-- Opening Marker --

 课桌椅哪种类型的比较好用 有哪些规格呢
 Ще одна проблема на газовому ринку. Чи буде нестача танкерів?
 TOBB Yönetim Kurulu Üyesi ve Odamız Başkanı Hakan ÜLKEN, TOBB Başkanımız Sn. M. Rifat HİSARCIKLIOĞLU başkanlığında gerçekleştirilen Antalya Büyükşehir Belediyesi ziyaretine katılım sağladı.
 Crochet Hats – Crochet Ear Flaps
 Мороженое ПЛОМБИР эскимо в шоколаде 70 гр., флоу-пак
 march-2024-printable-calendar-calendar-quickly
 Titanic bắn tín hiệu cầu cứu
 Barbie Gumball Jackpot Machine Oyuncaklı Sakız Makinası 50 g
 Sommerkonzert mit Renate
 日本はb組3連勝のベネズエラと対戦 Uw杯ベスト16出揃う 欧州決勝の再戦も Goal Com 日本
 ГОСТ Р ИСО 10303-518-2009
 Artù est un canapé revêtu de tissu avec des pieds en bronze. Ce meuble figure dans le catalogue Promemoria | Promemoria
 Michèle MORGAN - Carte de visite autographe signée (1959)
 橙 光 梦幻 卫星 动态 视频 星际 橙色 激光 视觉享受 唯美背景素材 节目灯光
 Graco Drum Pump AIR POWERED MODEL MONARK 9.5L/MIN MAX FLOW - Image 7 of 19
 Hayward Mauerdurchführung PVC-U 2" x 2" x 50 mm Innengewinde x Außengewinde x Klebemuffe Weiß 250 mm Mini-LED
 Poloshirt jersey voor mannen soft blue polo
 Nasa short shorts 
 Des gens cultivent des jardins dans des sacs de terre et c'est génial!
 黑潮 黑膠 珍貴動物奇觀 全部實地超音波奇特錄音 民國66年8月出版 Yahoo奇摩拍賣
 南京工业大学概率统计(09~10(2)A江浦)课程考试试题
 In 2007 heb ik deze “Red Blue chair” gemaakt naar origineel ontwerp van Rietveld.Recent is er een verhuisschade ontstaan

-- Closing Marker --

What you are asked to do:
Please write out all of the records above, character for character.

Your response:
 课桌椅哪种类型的比较好用 有哪些规格呢
 Ще одна проблема на газовому ринку. Чи буде нестача танкерів?
 TOBB Yönetim Kurulu Üyesi ve Odamız Başkanı Hakan ÜLKEN, TOBB Başkanımız Sn. M. Rifat HİSARCIKLIOĞLU başkanlığında gerçekleştirilen Antalya Büyükşehir Belediyesi ziyaretine katılım sağladı.
 Crochet Hats – Crochet Ear Flaps
 Мороженое ПЛОМБИР эскимо в шоколаде 70 гр., флоу-пак
 march-2024-printable-calendar-calendar-quickly
 Titanic bắn tín hiệu cầu cứu
 Barbie Gumball Jackpot Machine Oyuncaklı Sakız Makinası 50 g
 Sommerkonzert mit Renate
 日本はb組3連勝のベネズエラと対戦 Uw杯ベスト16出揃う 欧州決勝の再戦も Goal Com 日本
 ГОСТ Р ИСО 10303-518-2009
 Artù est un canapé revêtu de tissu avec des pieds en bronze. Ce meuble figure dans le catalogue Promemoria | Promemoria
 Michèle MORGAN - Carte de visite autographe signée (1959)
 橙 光 梦幻 卫星 动态 视频 星际 橙色 激光 视觉享受 唯美背景素材 节目灯光
 Graco Drum Pump AIR POWERED MODEL MONARK 9.5L/MIN MAX FLOW - Image 7 of 19
 Hayward Mauerdurchführung PVC-U 2" x 2" x 50 mm Innengewinde x Außengewinde x Klebemuffe Weiß 250 mm Mini-LED
 Poloshirt jersey voor mannen soft blue polo
 Nasa short shorts 
 Des gens cultivent des jardins dans des sacs de terre et c'est génial!
 黑潮 黑膠 珍貴動物奇觀 全部實地超音波奇特錄音 民國66年8月出版 Yahoo奇摩拍賣
 南京工业大学概率统计(09~10(2)A江浦)课程考试试题
 In 2007 heb ik deze “Red Blue chair” gemaakt naar origineel ontwerp van Rietveld.Recent is er een verhuisschade ontstaan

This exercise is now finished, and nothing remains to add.